3 Minimising the risks associated with COVID-19

3.1 For children and young people having elective surgery, follow the Royal College of Paediatrics and Child Health guidance for the recovery of elective surgery in children.

3.3 Advise patients (and families and carers as appropriate) that, to reduce their risk of getting COVID‑19, they should minimise contact with others and may need to self-isolate before their planned care (see recommendation 3.5).

3.4 Assess patients for symptoms of COVID‑19 on the day before and when they arrive for planned care. Discuss how the assessments will be done beforehand, for example, by telephone or video consultation to minimise face-to-face contact.

3.5 Advise patients who are at greater risk of getting COVID‑19, or having a poorer outcome if they get it, that:

  • they may want to self-isolate before a planned procedure

  • the length of self-isolation should be 14 days.

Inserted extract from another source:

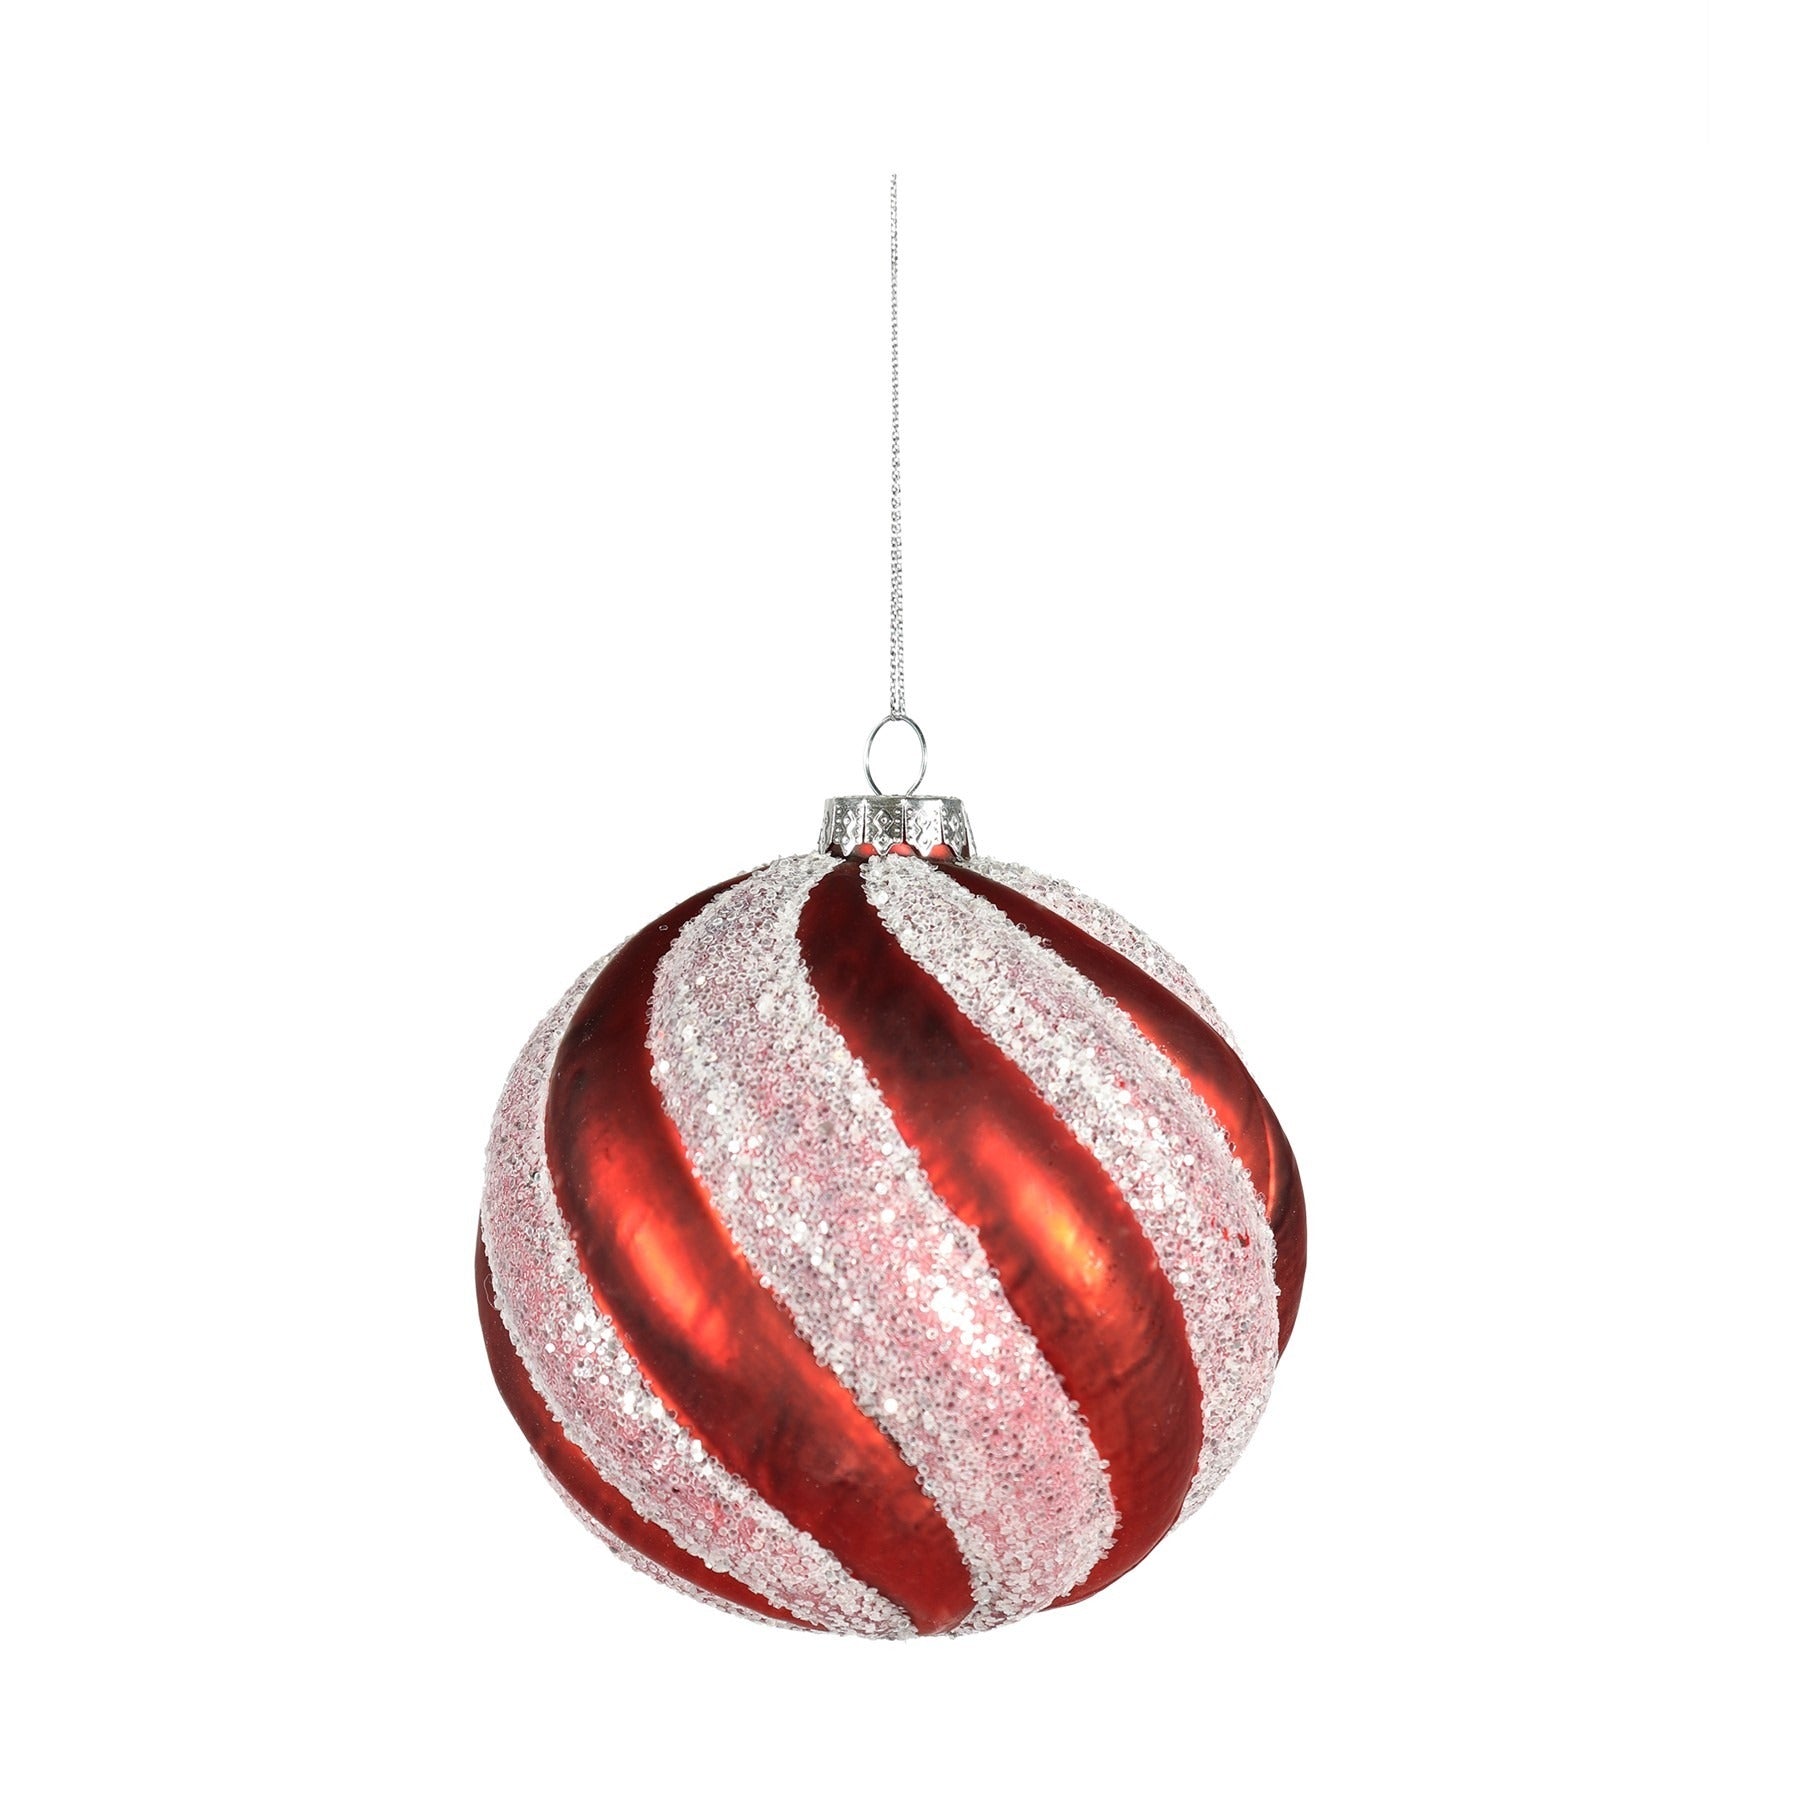 View Red and White Glass Bauble with Swirl Pattern Dia10cm information

3.6 Have a local policy in place outlining the testing and self-isolation strategies needed if local transmission rates of SARS-CoV-2 increase (see section 8).

All planned procedures needing anaesthesia (general, regional and local) or sedation

3.7 Advise patients (and families and carers as appropriate) when and where they can have a SARS‑CoV‑2 test in line with local arrangements.

3.8 Advise patients to:

  • follow comprehensive social-distancing and hand-hygiene measures for 14 days before admission (see government advice on social distancing)

  • have a test for SARS‑CoV‑2 from 3 days before admission, and ensure the results are available beforehand

  • self-isolate from the day of the test until admission.

All other planned procedures, including diagnostic tests and imaging

3.9 Advise patients to follow comprehensive social-distancing and hand-hygiene measures for 14 days before having planned care (see government advice on social distancing).